Пожалуй, все честное, что имелось в полуразрушенной, истерзанной войной столице, было так или иначе связано с дружинниками Кремля. Только они, благодаря воспитывавшим их Мастерам, еще не забыли значения слов «благородство», «взаимовыручка» и «добродетель». Муты же мыслили куда примитивней, и потому моральный аспект их не волновал. Напасть могли и толпой, но, если видели, что дело плохо, бежали прочь без оглядки, забыв о собратьях. Своя шкура ближе к телу – примерно по такому принципу живут что нео, что куда более примитивное зверье, снующее по мрачным московским улочкам в поисках пищи. Это не личный выбор каждой особи – это инстинкты, которые заложила в них изменившаяся природа. Так что взывать к совести дикаря было, как минимум, бессмысленно, а, как максимум, глупо. Легче пристрелить, чем перевоспитать.
Био уже нырнул во двор и практически скрылся из виду. Громобой и дружинник за металлическим ящером, конечно же, поспеть не могли и в итоге заметно отстали.
И, воспользовавшись этим, прятавшиеся в развалинах крысособаки бросились отряду наперерез. Было их примерно с дюжину, иначе б они даже не подумали атаковать двух путников.
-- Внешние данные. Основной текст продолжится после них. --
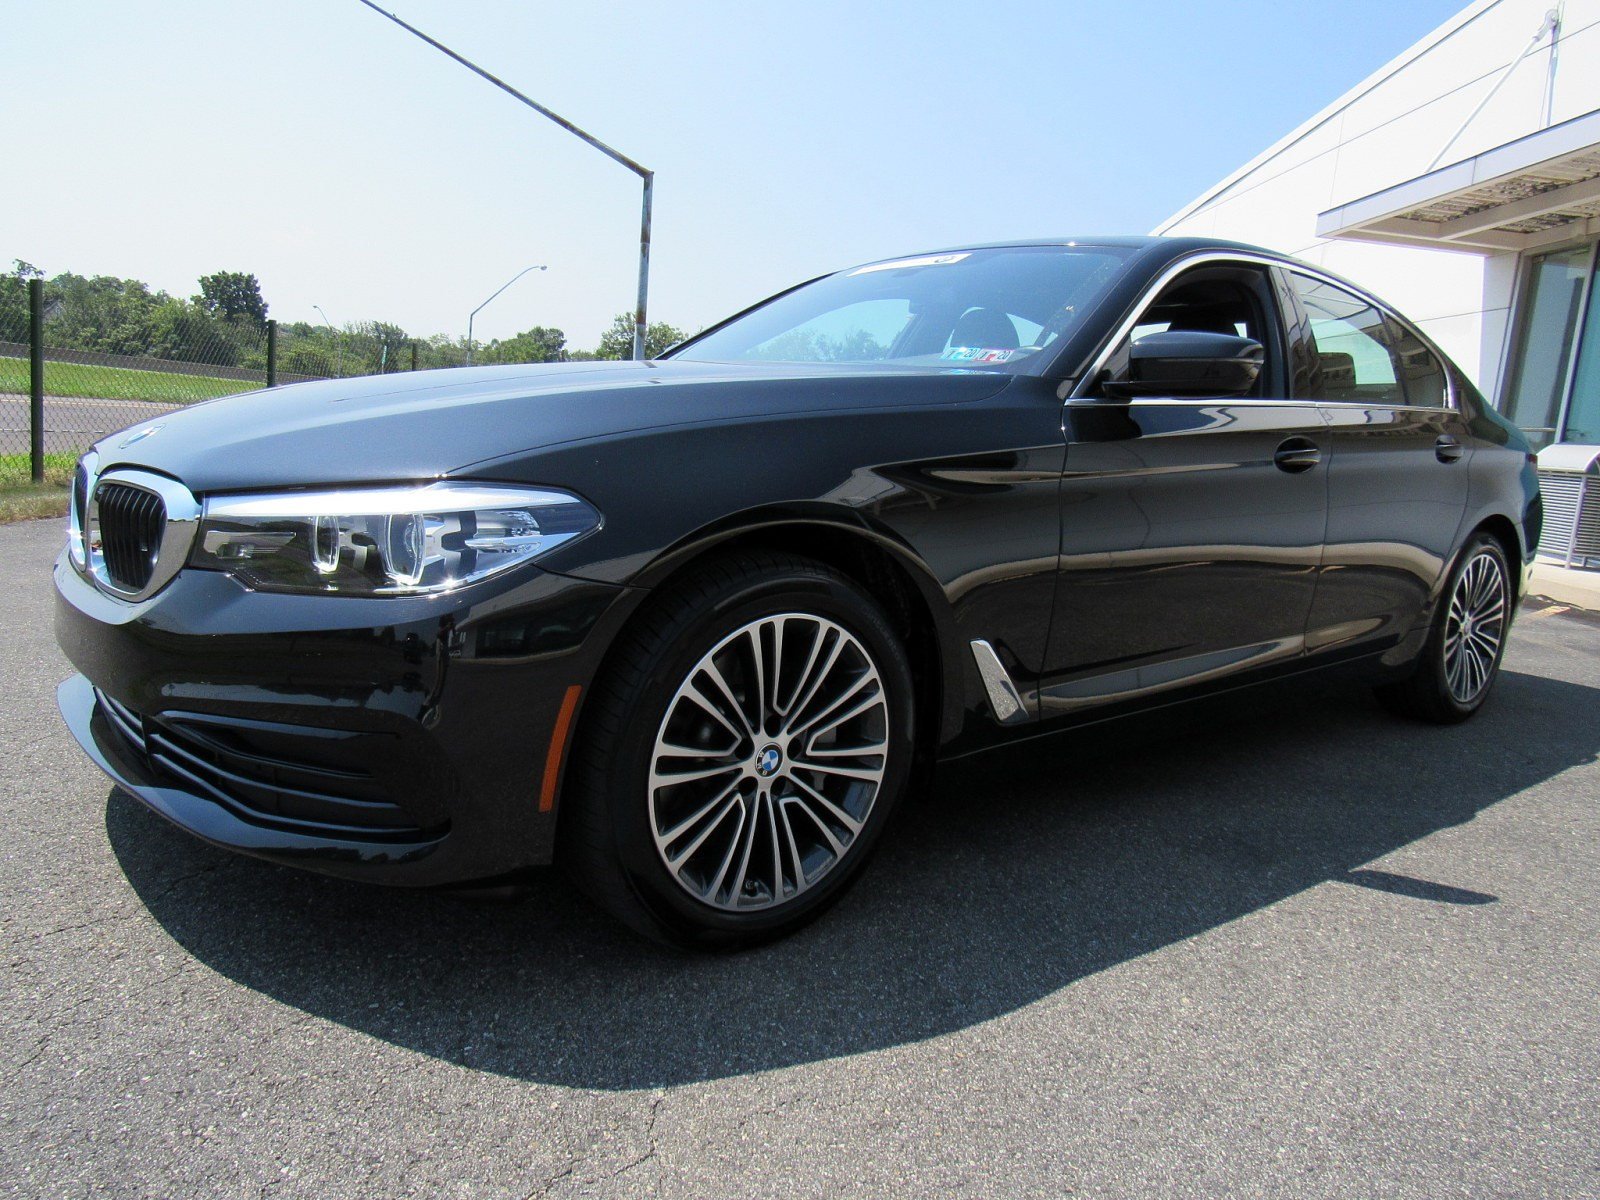 Pre-Owned 2019 BMW 5 Series AWD 530i xDrive in Allentown #WW08686S ...
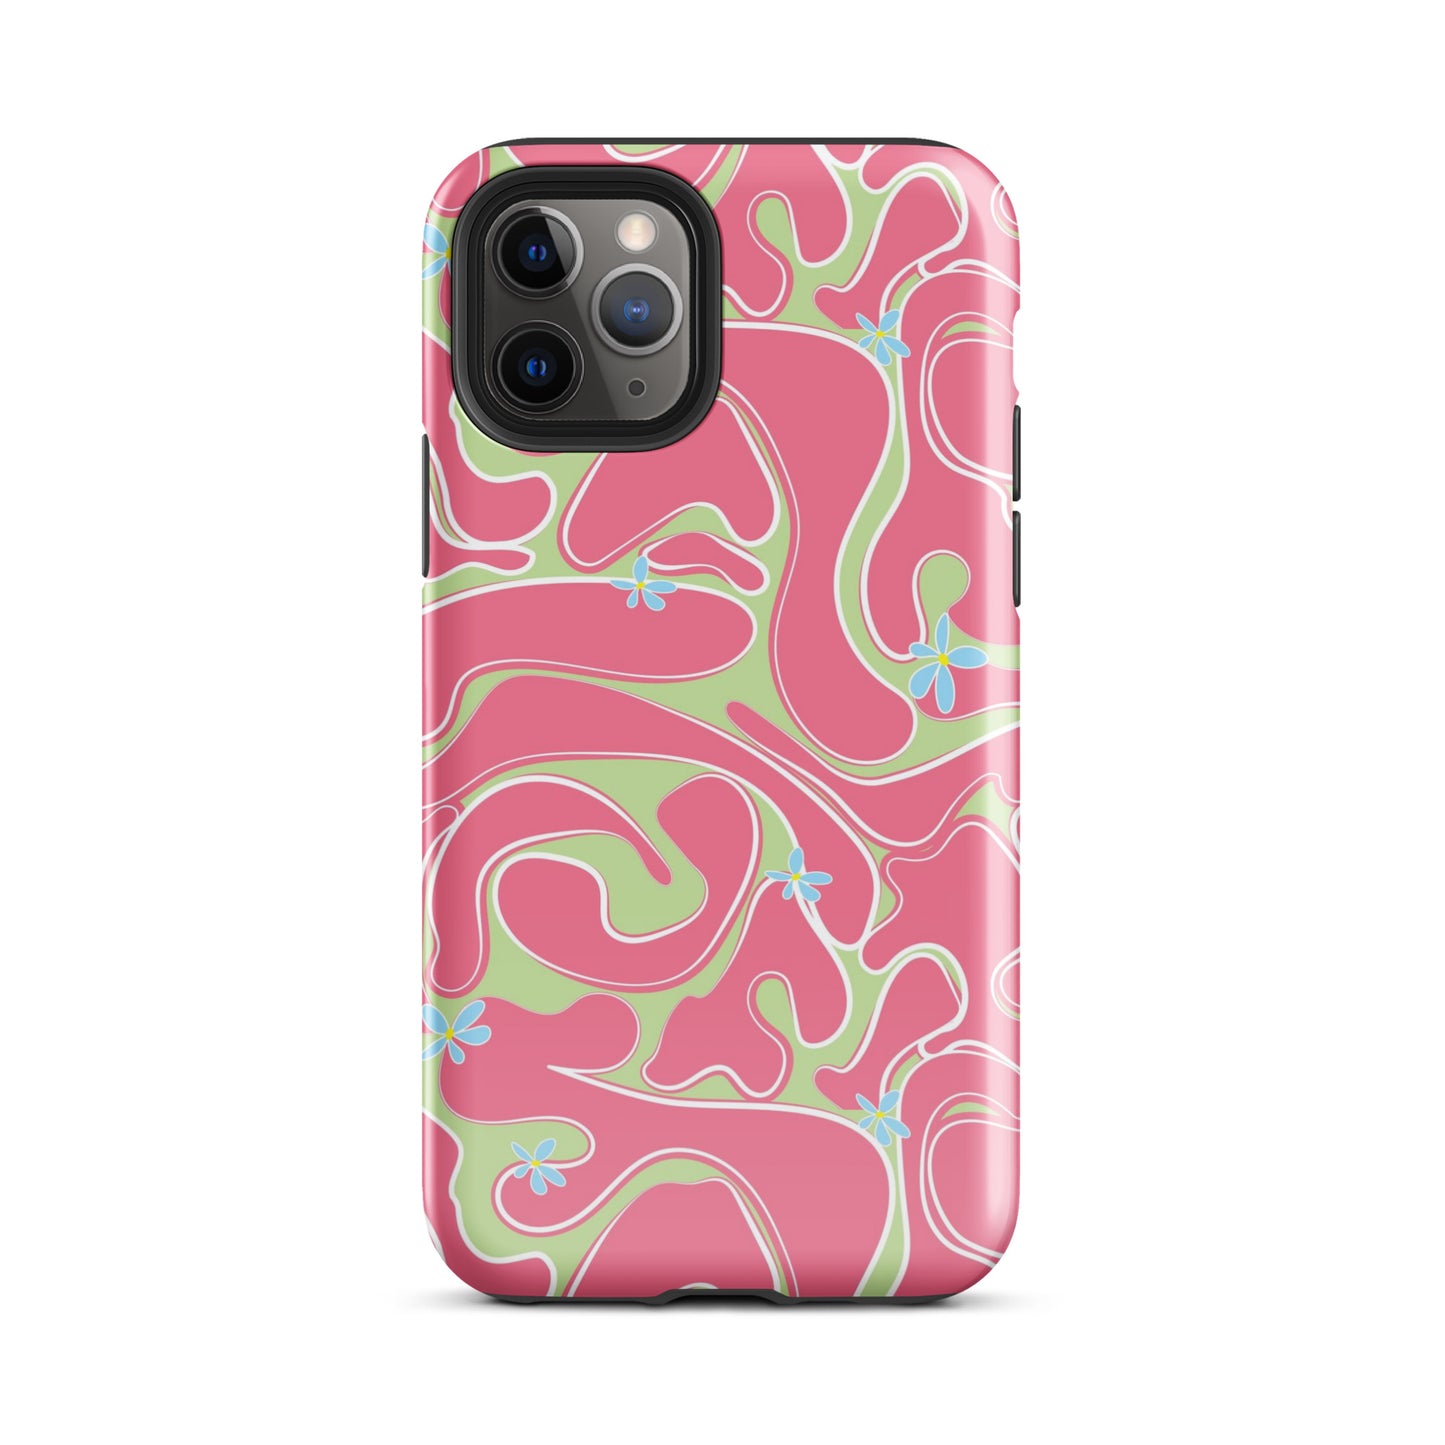 Reef Waves iPhone Case Glossy iPhone 11 Pro

Переводить патроны на глупых крысособак Игорю не хотелось, и потому, скрипнув зубами от досады, он закинул автомат за спину и взялся за раритетный меч маркитанта. К тому моменту, как клинок покинул ножны, первая тварь уже была в паре метров от дружинника. Вот она распласталась в прыжке и уже раззявила зубастую пасть, дабы вцепиться в разведчика… Но Игорь не для того годами тренировался с лучшими Мастерами, чтобы теперь спасовать перед вонючей крысособакой. Он отпрыгнул в сторону и резко опустил занесенный над головой меч, метя в незащищенную шею голодного мутанта. Клинок оказался добротный, не зря на столь видном месте висел: миг – и голова крысособаки отделилась от тела и улетела прочь, а само туловище кубарем покатилось в сторону. Когда оно замерло и в какой позе, Игорь уже не видел, потому как очередной мут вовсе не собирался давать разведчику передышку. Крысособаке почти удалось застать дружинника врасплох – атаковала она его в тот самый момент, когда меч находился в завершающей фазе. Только отменная реакция спасла кремлевского воина от зубастой пасти. То-то крысособака удивилась, когда ей в челюсть прилетело навершием меча! Удар был такой силы, что хрустнула шея. Убитая, тварь рухнула к ногам разведчика, однако он даже не обратил на это внимания – слишком занят был другими, все еще живыми крысособаками. Развернувшись, Игорь выставил меч перед собой, позволив новой хищнице буквально нанизать себя на него, и ногой сбил труп с клинка, чтобы тут же рубануть следующую мерзавку…
Хлоп! Хлоп! Хлоп!
Крысособаки закончились как-то очень уж неожиданно. Игорь, держа рукоять обеими руками и тяжело дыша, уставился на устланную мохнатыми трупами землю. Громобой стоял чуть в стороне, держа в каждой руке по пистолю.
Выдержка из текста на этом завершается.